Which is why I think tail call optimisation should be explicitly
requested when needed. It's not just an optimisation - it's a
correctness issue.

In C++, though, not a big deal - the assumption of tail call
optimisation isn't there and, as you say, the idioms are different.
 
S

Stephen Horne

Sigh. The text that you snipped described an optimization that certain
compilers did, and my question was specifically about how a small
variation in the code affected that optimization.

As you say, sigh.

Yes. You swapped the order in which two parameters to the
multiplication operator were written. That might change the order in
which those two parameters are evaluated, but it won't change when the
multiplication is done.

Multiplication is commutative. In a simple example like this, if
reordering the arguments could enable more optimisations, the compiler
would probably already be doing it. If there were other function calls
(not just the directly recursive one), maybe not, as it might need to
be pessimistic about possible side-effects of expression evaluation.
But in this case, I seriously doubt that that's an issue.

So... Don't focus so much on the ordering in the source code, etc etc.
 
S

Stephen Horne

OTOH, on 32bit architectures 'int' will overflow at 16!,
which is long before you run into stack problems, so on
these architectures I don't see a need to not to apply
the use the most obvious implementation of factorial. it
would seem premature optimization to me.

The basic issue is that you're unlikely to use a simple factorial for
32 bit integers anyway.

The factorial is mostly a building block for defining other, more
directly useful functions. An obvious example would be counting
combinations or permutations. Those more useful functions often have
large numbers of cases where the factorial goes out of bounds, but the
needed result doesn't - often because one factorial is divided by
another. An iterative solution that does the whole job at once is both
more efficient and less prone to overflow.

That is, instead of...

int somefunc (int p1, int p2)
{
return factorial (p1) / factorial (p2);
}

You'd more likely have...

int somefunc (int p1, int p2)
{
int temp = 1;
for (int i = p2+1; i <= p1; ++i) temp *= i;
return temp;
}

If you are doing this kind of thing for anything serious, of course,
you're probably using a big integer library. Still quite hard to
overflow the stack using recursion, but possible - the maximum size of
the stack isn't all that big in general.


Besides, the real point of the factorial function is only to
illustrate a principle. Real world functions that require tail
recursion elimination would generally not have that problem.

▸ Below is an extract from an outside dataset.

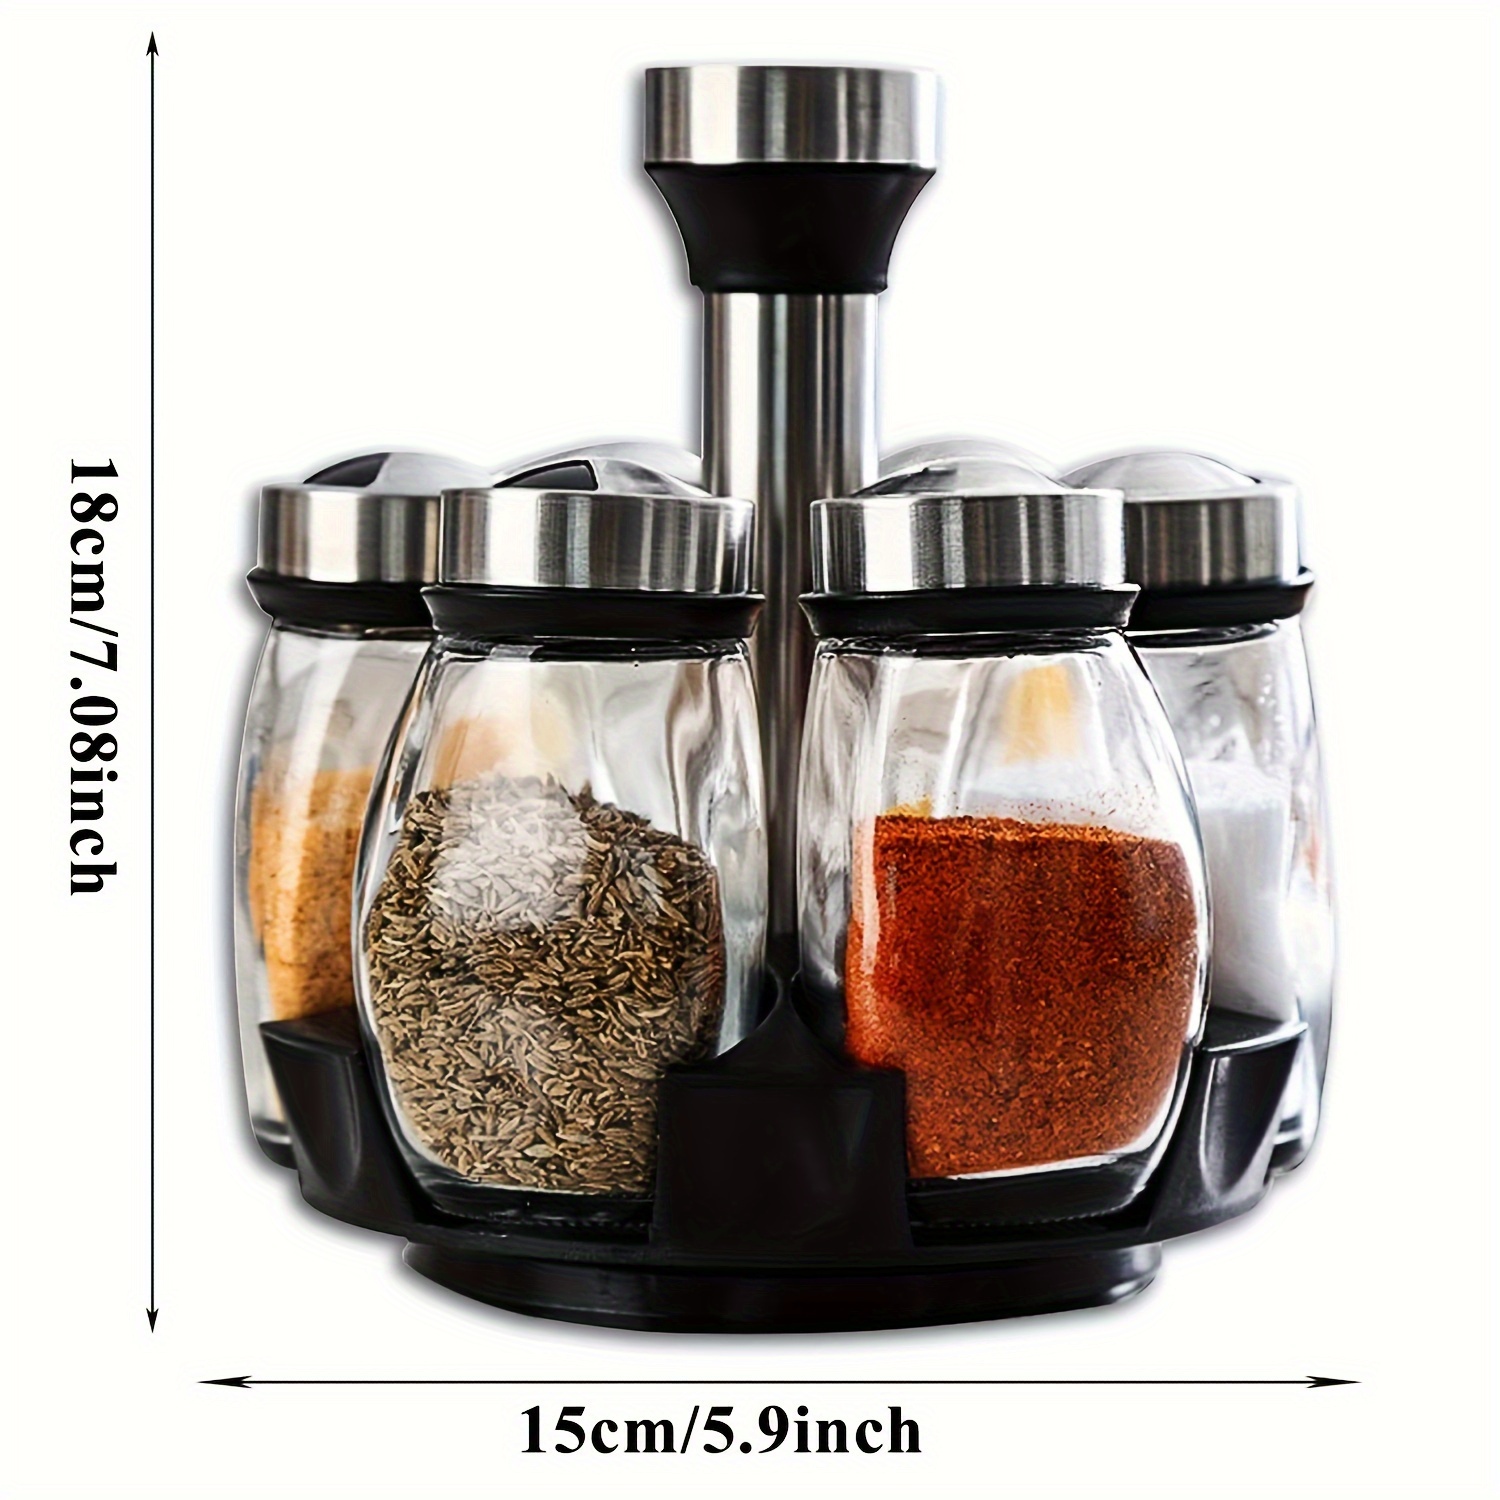 1 Set, Spices And Seasonings Sets, Countertop Spice Rack With 12 Jars,  Spice Organizer For Countertop Or Cabinet, Multifunctional Seasoning  Organizer

Another common illustration from the functional world would be a
simple list summary such as an 'any' function...

struct bool_list_node
{
bool_list_node* m_link;
bool m_value;
};

bool any (bool_list_node* p)
{
if (p == 0) return false;
if (p->m_value) return true;

return any (p->m_link);
}

The tail recursion here has no numeric overflow issues, but could
easily overrun the stack. Fortunately, this is not the kind of code
that C++ programmers would normally write.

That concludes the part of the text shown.